Was den Pfarrer am Missionsgedanken faszinierte, kann anhand seiner 1882 veröffentlichten Schrift «Der Evangelischen Heidenmission Recht, Pflicht und Erfolg» erläutert werden: Schnyder teilte mit dem Sprachforscher Max Müller die Religionen in missionierende und nicht missionierende ein. Die nicht missionierenden Religionen, so Schnyder weiter, erstarrten zu Mumien, während die missionierenden Religionen lebendig seien. Müllers wie Schnyders Überzeugung war es, dass das Christentum im höchsten Mass missionierend sein müsse, da es die Offenbarungsreligion des lebendigen Gottes sei.76 Der Auftrag, die Botschaft Gottes an alle weiterzugeben, wurde dementsprechend nicht nur als ein Werk der Barmherzigkeit gegenüber der Heidenwelt angesehen,77 sondern auch als «eine Pflicht der Selbsterhaltung für die alte Christenheit».78 Die Mission – so die Erklärung – erneuere den eigenen Glauben, indem sie ihn ausbreite und verkünde.

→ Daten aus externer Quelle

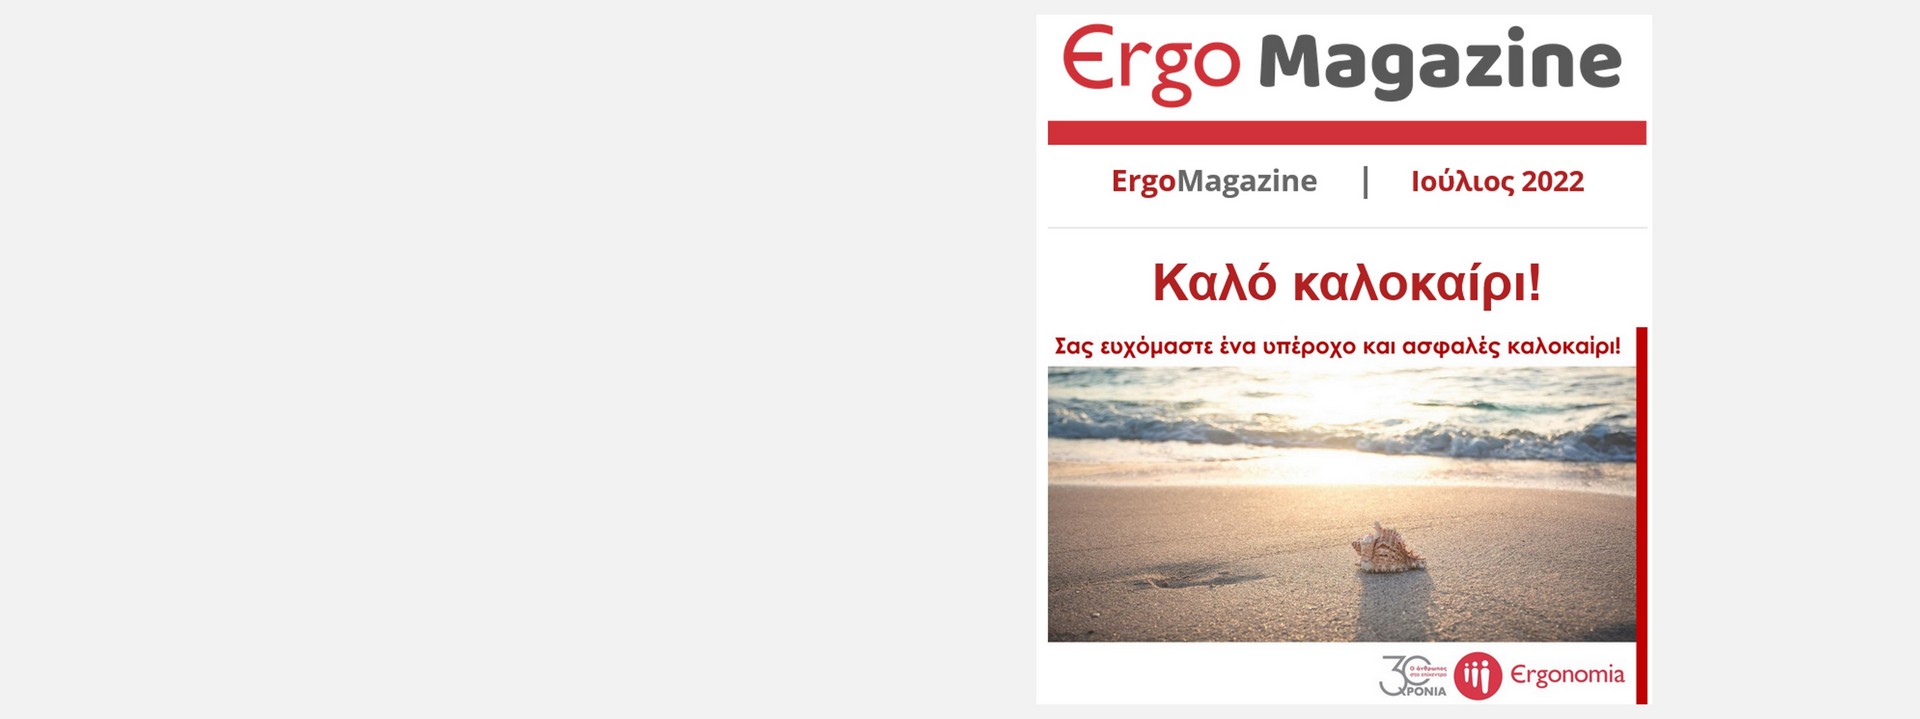 ErgoMagazine July 22

Dass es bei dieser Ausbreitung nicht nur um Glauben ging, sondern auch um territoriale Ansprüche der expandierenden Wirtschaftsmächte Europas, wird aus dem durchaus pragmatischen Fortschrittsdenken des Missionsfreundes schnell deutlich: Die Mission helfe nämlich dem rasenden Fortschritt, neue Gebiete erschlössen sich dem Weltverkehr und dem Handel, denn die Mission erziehe die Heiden zur Arbeit und zum Pflichtgefühl.79 Diese Argumentation macht sichtbar, dass 1882 der wirtschaftliche Faktor der Mission durchaus in Betracht gezogen wurde und als Argument gegen das den «engen Pietisten» anhaftende altertümelnde Bild verwendet wurde.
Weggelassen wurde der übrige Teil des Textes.